The Simplicity And Snares Of Consolidation Loans


Updated on 16 December 2008 | 0 Comments

Consolidation loans may seem the easiest way to deal with multiple debts but beware of the potential snags.

We've all probably seen the plethora of adverts on the telly this month. "In debt? Why not switch all your debts into one easy, lower monthly payment?" Etc...

Consolidation loans aren't necessarily a bad idea. When you've got multiple claims on your cash for various credit cards and loans -- especially if you're in arrears -- the simplicity of rolling all your debts into one monthly payment seems the ideal choice.

After all, your creditors get paid off and stop pestering you, and you can just settle down to making sure that your one simple monthly debt commitment is met for the term of the consolidation loan.

My beef is not with consolidation loans per se -- it's with the people who don't use them properly because they haven't read the small print thoroughly or because they haven't taken on board the wider picture.

Here come two important facts:

Firstly, seven out of ten people pay off their loans early, yet repaying early entails penalties.

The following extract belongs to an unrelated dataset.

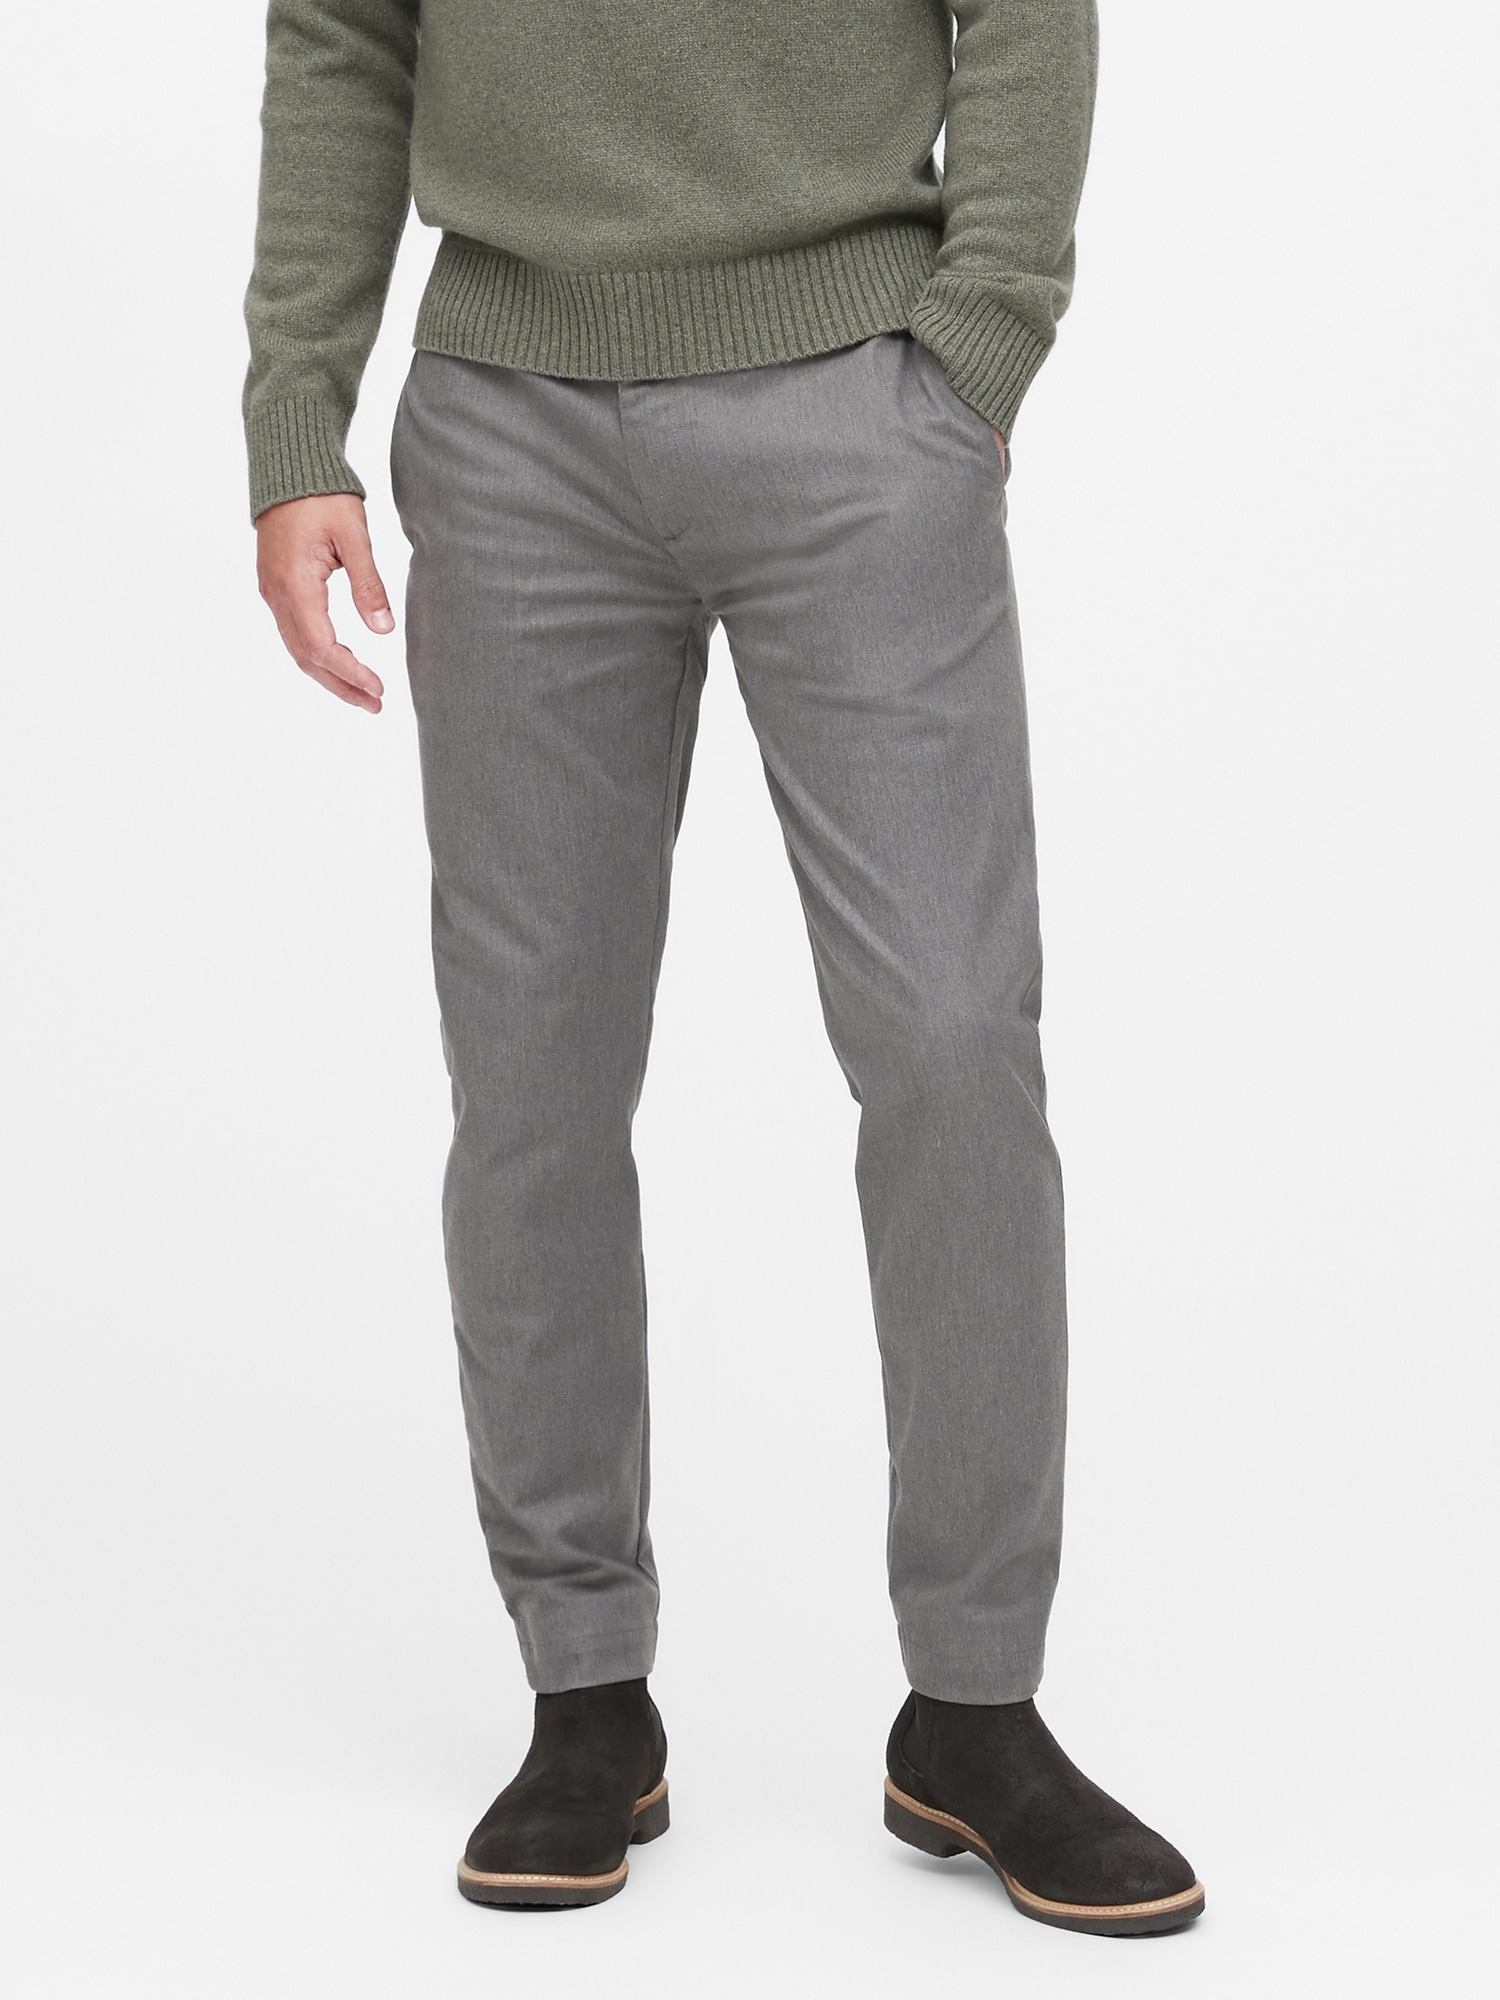 banana republic athletic tapered jeans

Secondly, and this is more important, it is very common indeed for people taking out a consolidation loan to give in to the temptation to run up further debts.

All those newly paid-off credit cards will subsequently have sizeable spending limits available and it's hard to resist using them -- especially when you've been steadily and dutifully paying off your consolidation loan for six months or more. At that stage you may feel entitled to 'reward' yourself with a new telly/laptop/holiday. The result is invariably more debt.

The Motley Fool has said on many occasions that the things to look out for when taking out any type of personal loan are that it should be:

  • flexible (in case you can pay it off early or can afford to overpay);

  • unsecured (so you don't immediately put your home at risk);

  • at a fixed interest rate (so you don't get surprised with a sudden interest rate rise);

  • uninsured - ie: avoid payment protection insurance unless you're absolutely sure you need it. Not only could it increase the cost of your loan by as much as a third but most people never claim on it.

It's also very important to shop around and to compare Annual Percentage Rates (APRs) and the Total Amount Repayable (TAR). Lenders calculate interest rates in different ways so it's important to check how much a loan will actually cost you in terms of real money.

The fact is consolidation loans can be a very good answer to multiple debt problems if handled sensibly. But there are serious pitfalls if they're not!